Stored data Block Start

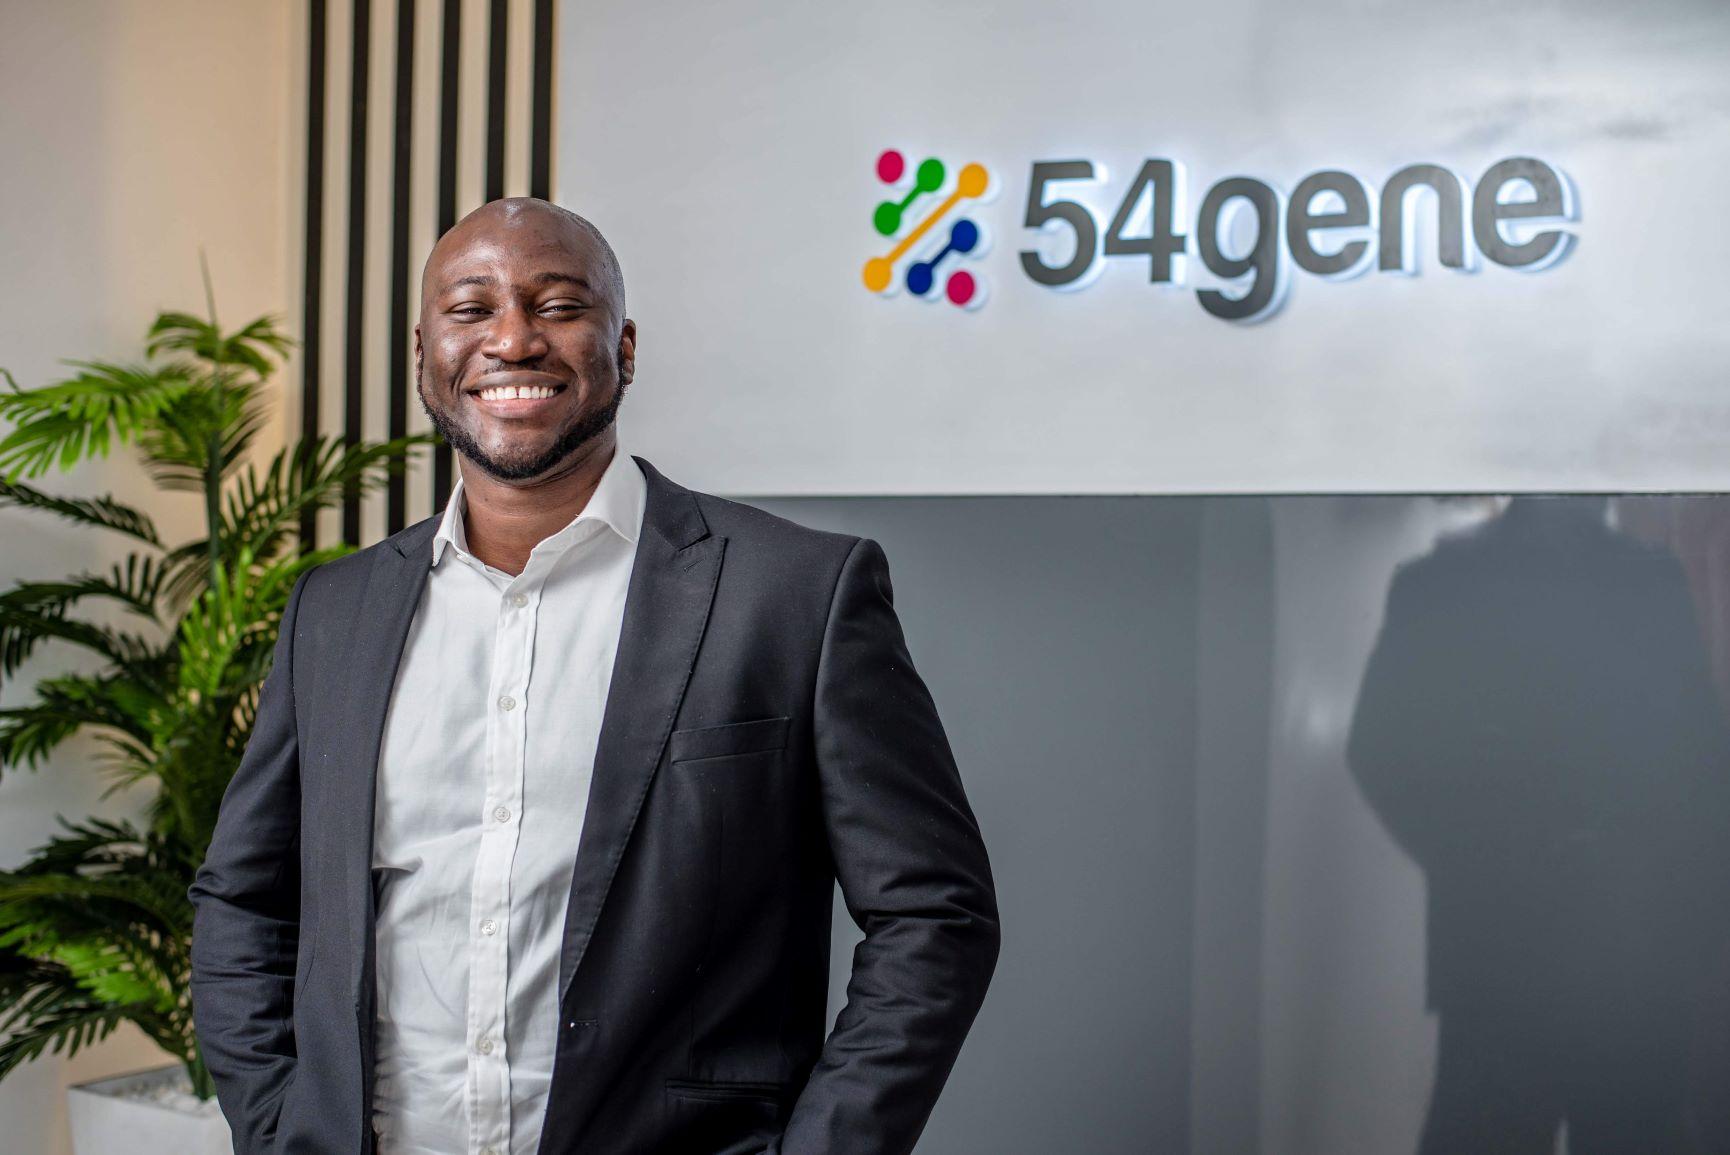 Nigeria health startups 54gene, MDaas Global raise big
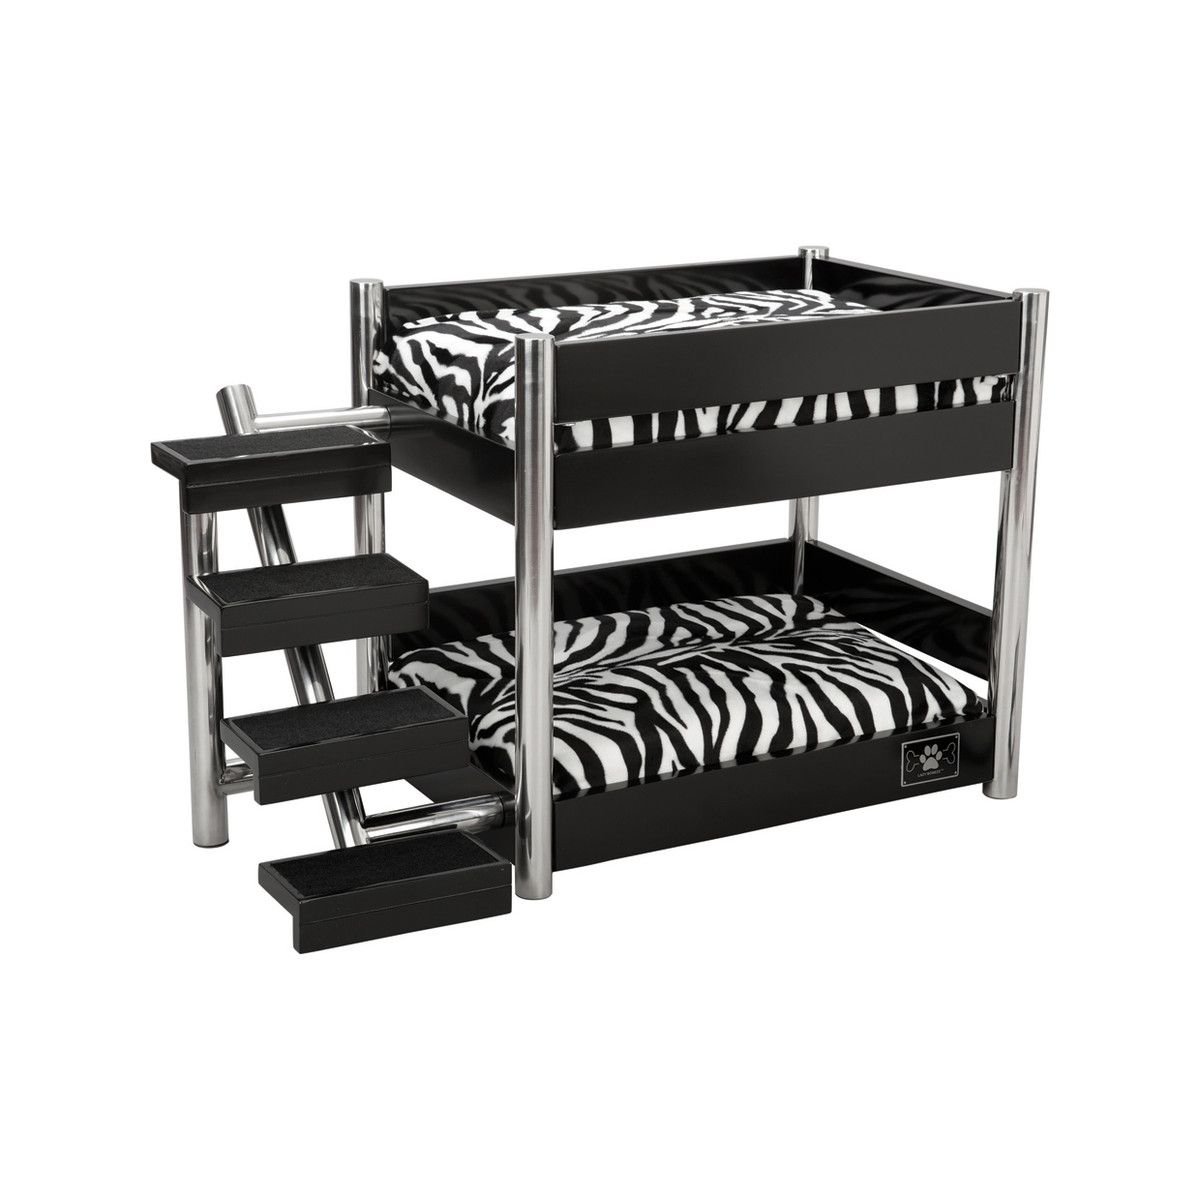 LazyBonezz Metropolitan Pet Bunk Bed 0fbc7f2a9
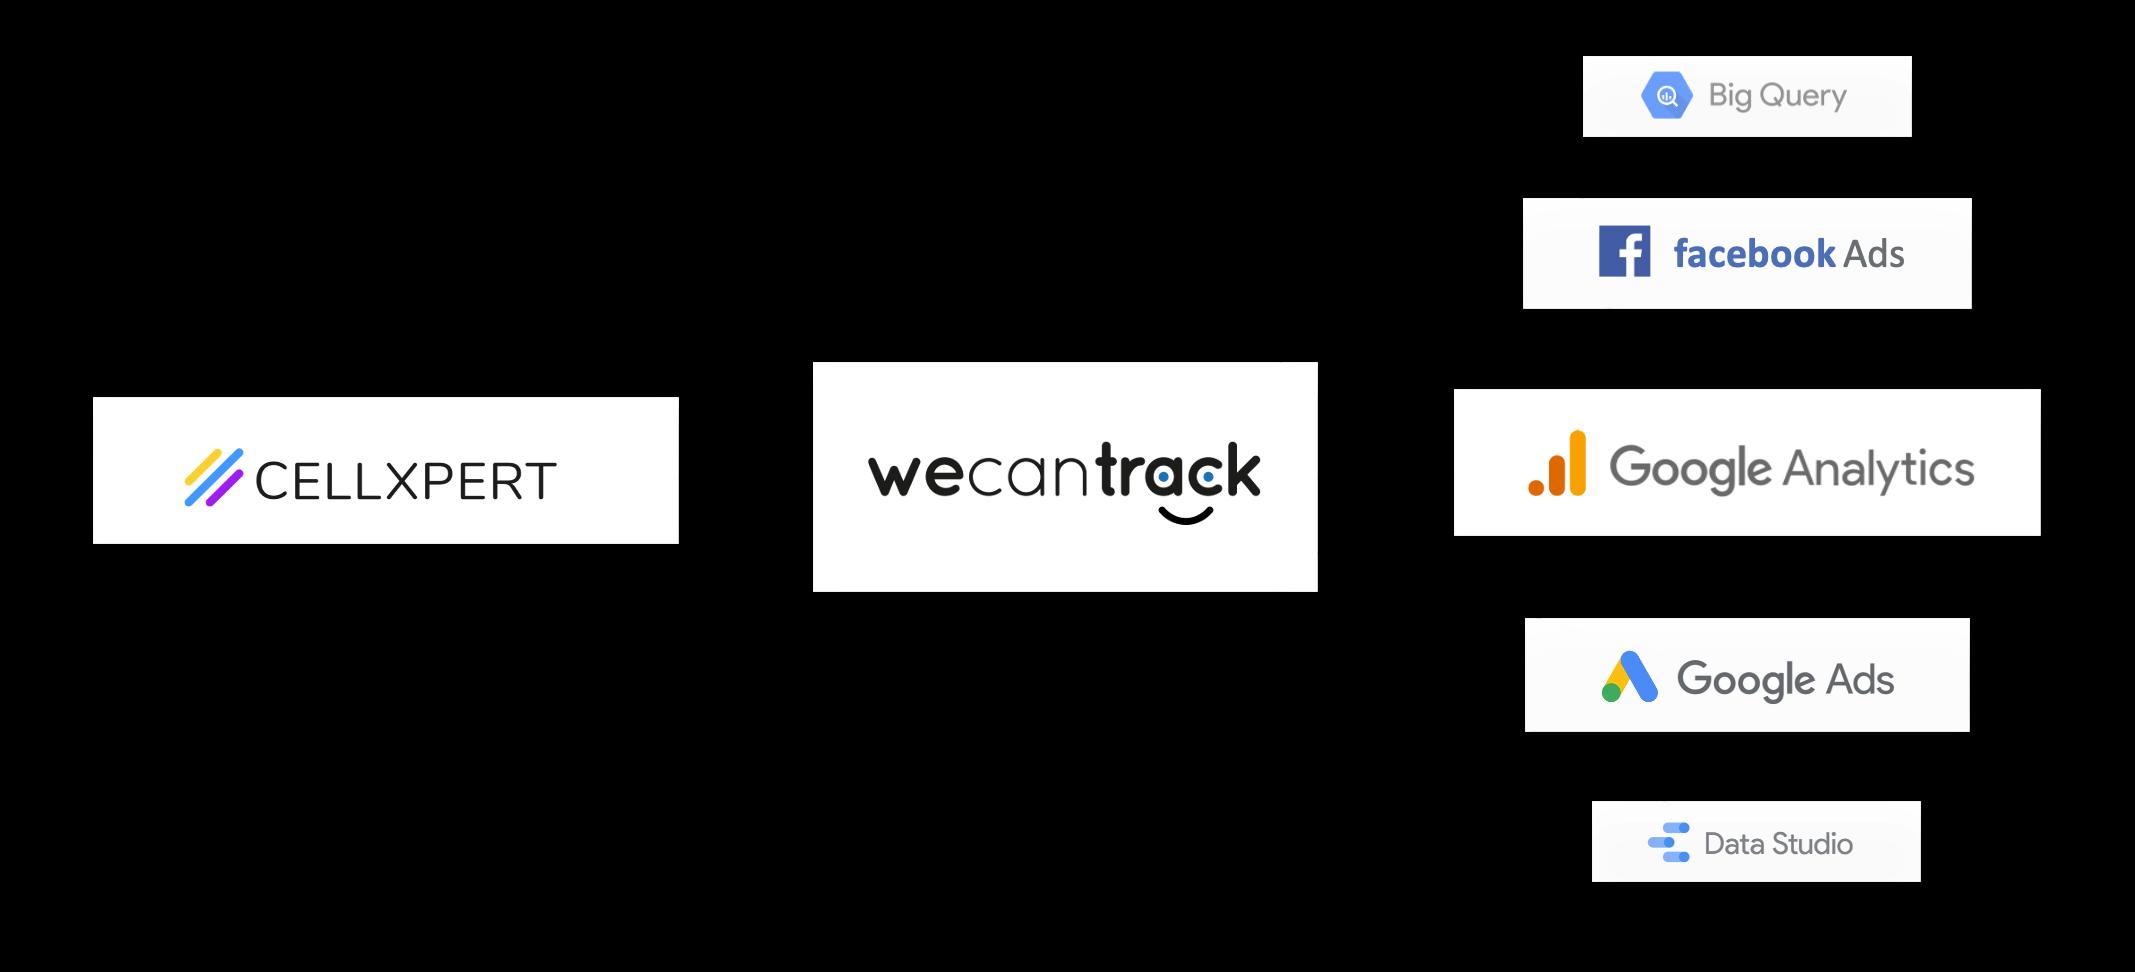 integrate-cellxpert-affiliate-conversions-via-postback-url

Stored data Block End

**Work task**
Only the pictures should be left out; the rest of the material above must be repeated exactly.

**Result**
 Nigeria health startups 54gene, MDaas Global raise big
 LazyBonezz Metropolitan Pet Bunk Bed 0fbc7f2a9
 integrate-cellxpert-affiliate-conversions-via-postback-url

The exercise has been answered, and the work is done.